Consideration on basic supplies is another trend when a makeshift camp is constructed not far from a state camp, the latter providing some sort of assistance. Migrants would like to use offered facilities without a need of registration, as the official camp will surely demand. That is a scheme when migrants have another geographical destination in mind and use a camp as a temporary place of stay. Basically, within this context, migrants are characterized by increased readiness and mobility, more often than not, coming from the fear that registered inhabitants could be easier deported.

When these camps grow, and their existence is noticeable, international and local humanitarian aid agencies often step in to provide basic amenities such as water, portable toilets, tents etc. At the same time isolated makeshift camps are often dependent on smugglers who are the main providers of necessities and play a role of authorities there.

Camps and slums are a business too
As humans tend to organize in settlements, with their growth and decline historical cycles, often driven by nature (or an “official society”) forces, there are always profiteers.

In the context of migrants and camps, there is an interesting phenomena of slum merchants and makeshift camps becoming slums. The journalists warn in 2016 about Idomeni refugee camp has developed into a settlement with a fixed infrastructure, and it was named the first European favela. The same could be observed with regards to the Jungle of Calais. Unfortunately, “favelisation” of some parts of European urban areas will be increased with a growing number of illegal newcomers, backlogs and ineffective readmission processes. We witness the situation when border security becomes the part of the urban security as well. It is definitely a food for thought for creation of a new security partnerships among border security, law enforcement and local authorities.

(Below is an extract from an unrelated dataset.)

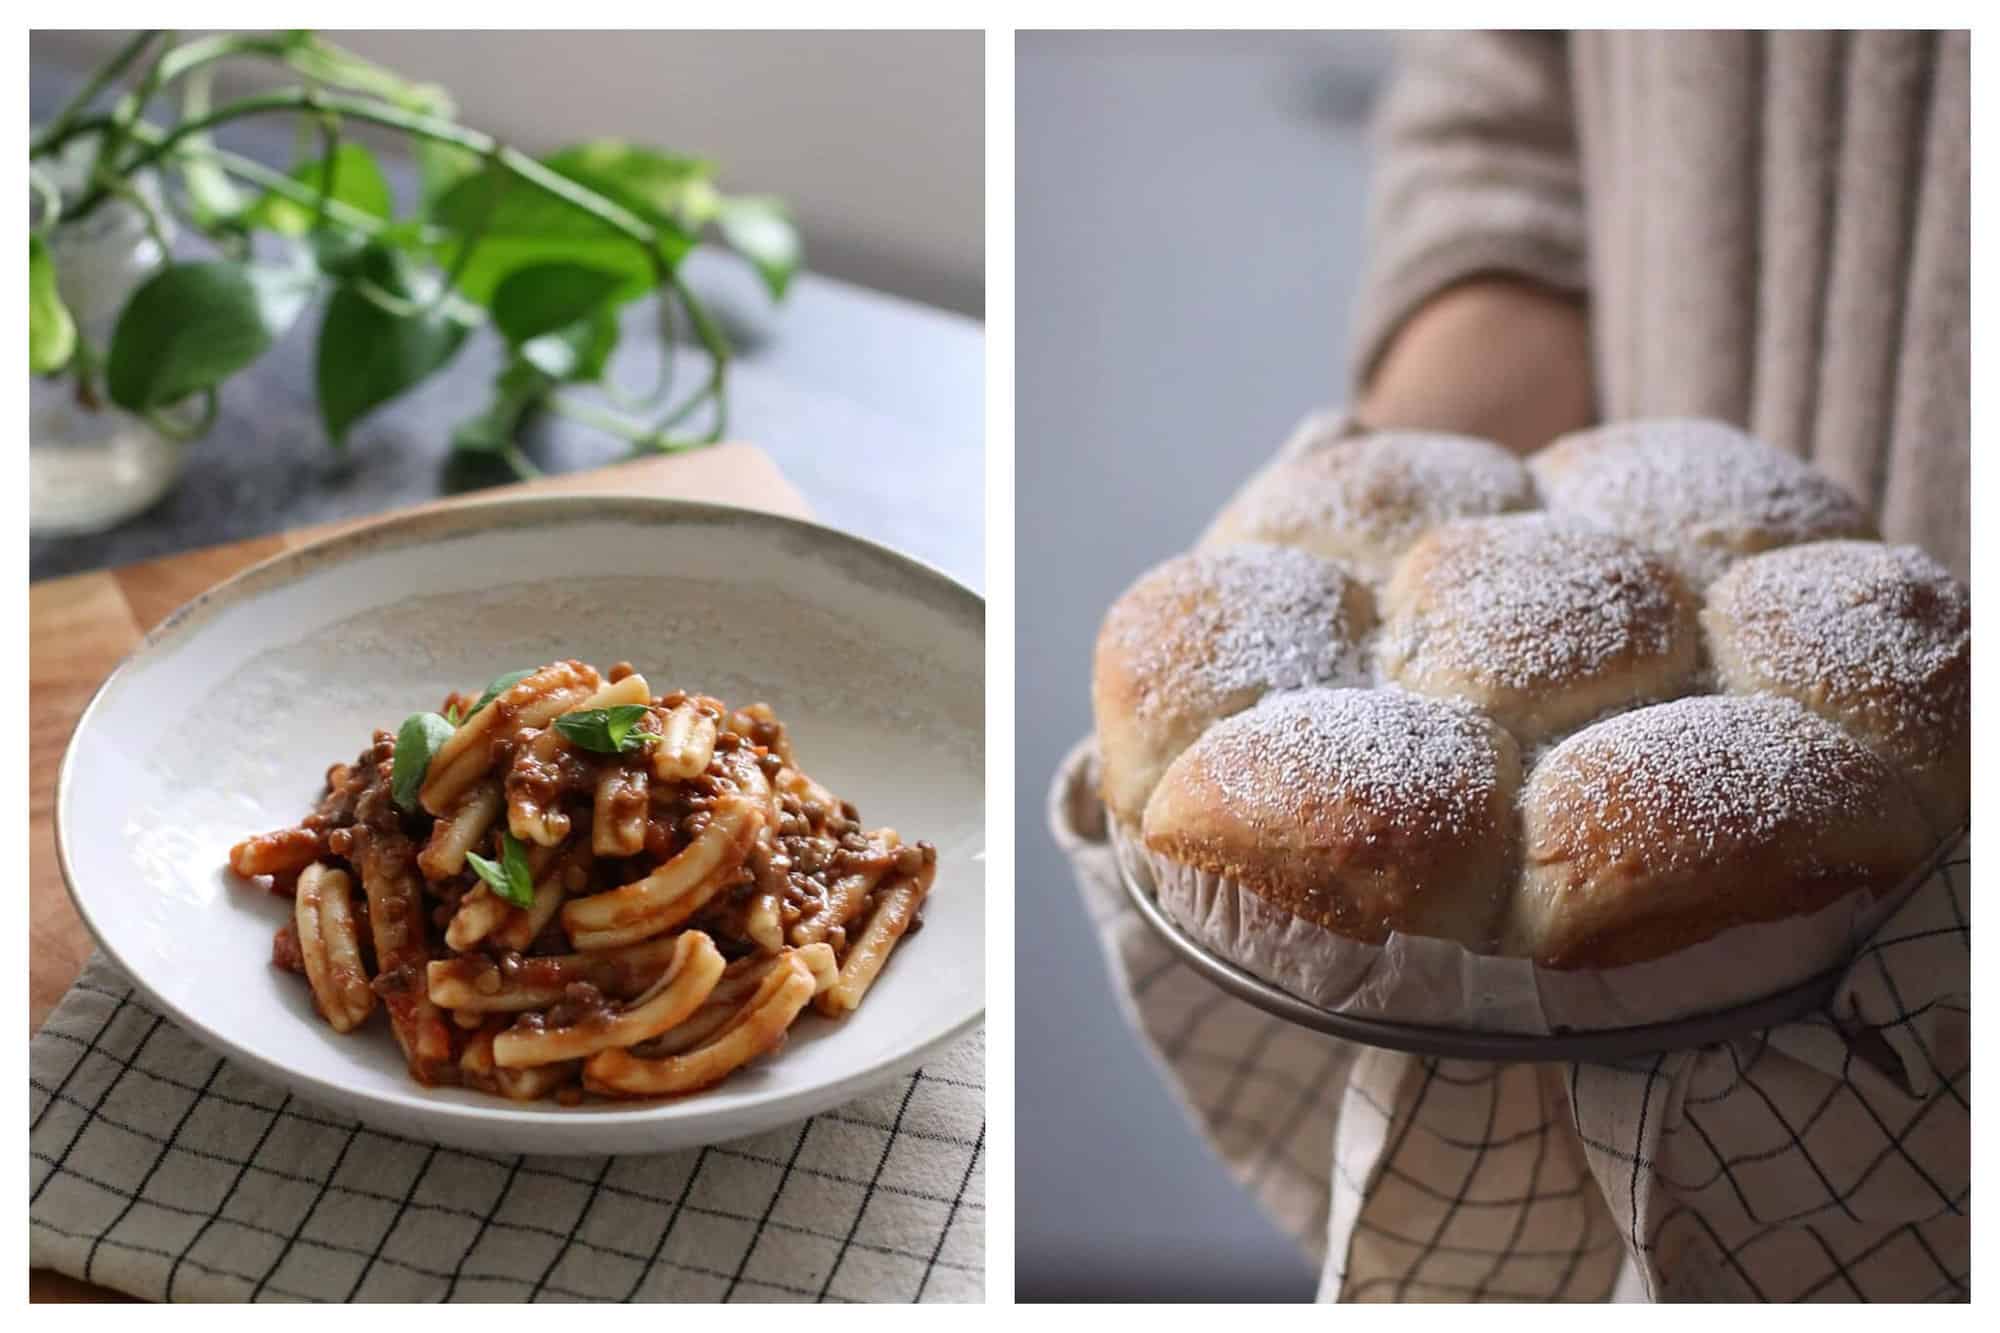 Left: Pasta with meat sauce in a plate. Right: Pastries fresh out of the oven.
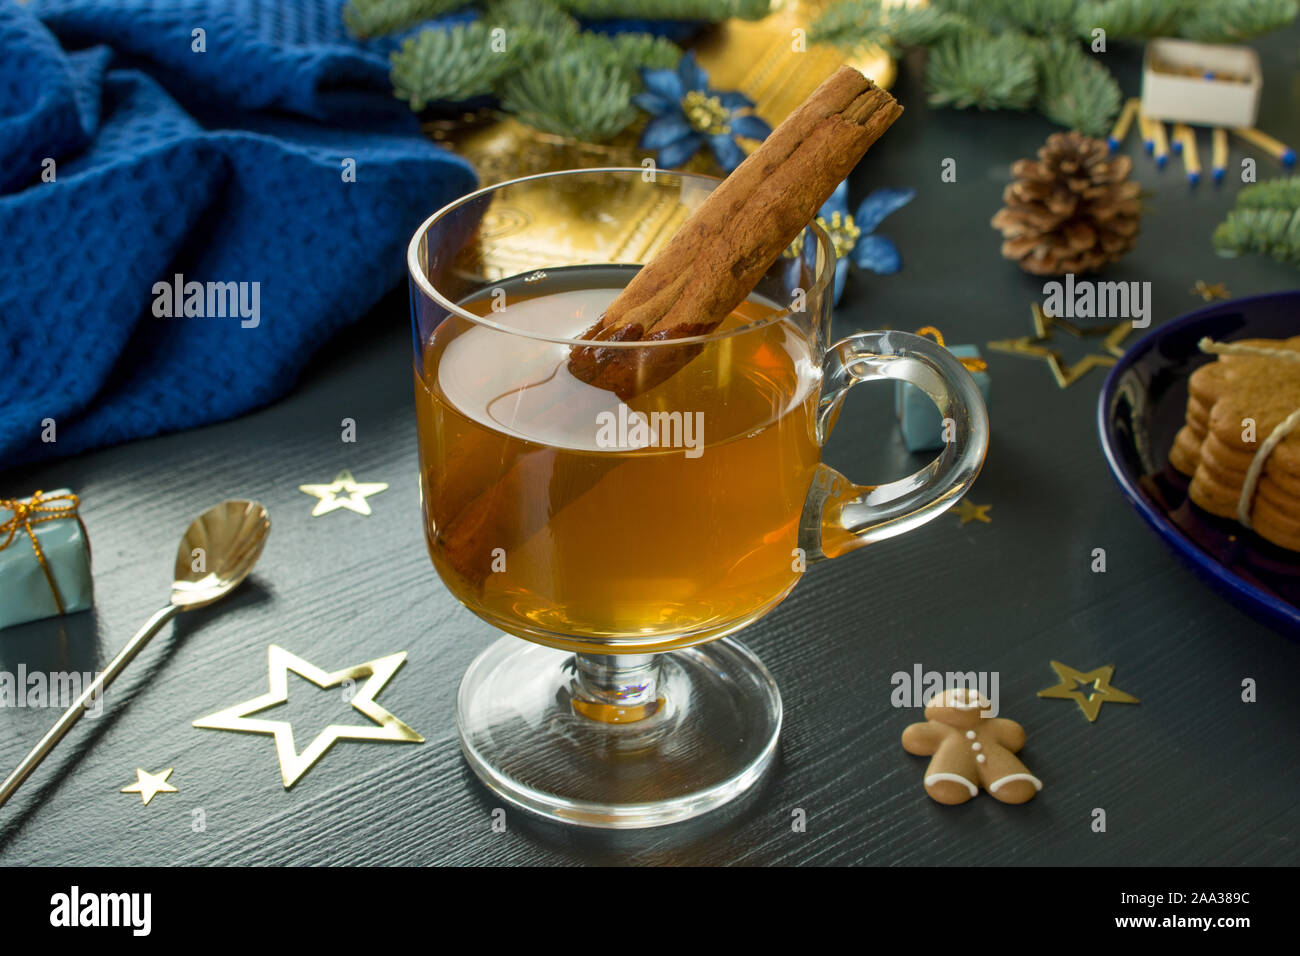 Food photography  and flat lay of a festive Christmas table decorated in blue and gold Stock Photo

As we have human traffickers facilitating the “move”, the slum merchants/traders appear on the stage facilitating the “settlement”. Like with “normal” housing market, “places” in camps are being build, bought and sold, and there is a practice of “renting out” or “sub-renting” such places too. Therefore, we might say we have a new key figure, who, sometimes could be a trafficker and slum trader at the same time. Another gloomy prospect is a more influence of local criminal groups on the life of people in such places.

Demolition of makeshift camps
Like with historical human settlements were under pressure of nature and its forces, migrants and camps are under pressure of existing “official” societies.

The public wish is to delegate all dealings with migrant crisis to the state institutions with its clear control of health and security related risks regarding of mass arrivals of people. Basically, the aim would be to remove “inconveniences” arising from migration and blocking its effects. Just like nature forces build up slowly to “attack” human settlements (if you consider them as inconvenience and aberrations in the nature), migration crisis is usually met with slow decision-making process, lack of immediately available financial resources and justifiable discussion on the future of migrants.

The usual modus operandi of authorities is to close eyes in the early stage of a situation build up, then going through a prolonged period of back-and-forth balancing between one (official society) and the other (migrants and their camps and slums), and then arriving to desire of strong decisive measures like demolishing the makeshift camps by force as situation gradually matures with sanitary situation and security going out of control.

We see that the strategy of demolishing makeshift camps is used by authorities around the world (e.g., France, Serbia, Mexica…) in an attempt to run a “campaign” addressing usually growing insecurity and growing demand of local population. Would such strategy help to solve the problem of irregular migrants or it is just a temporary “cosmetic surgery”?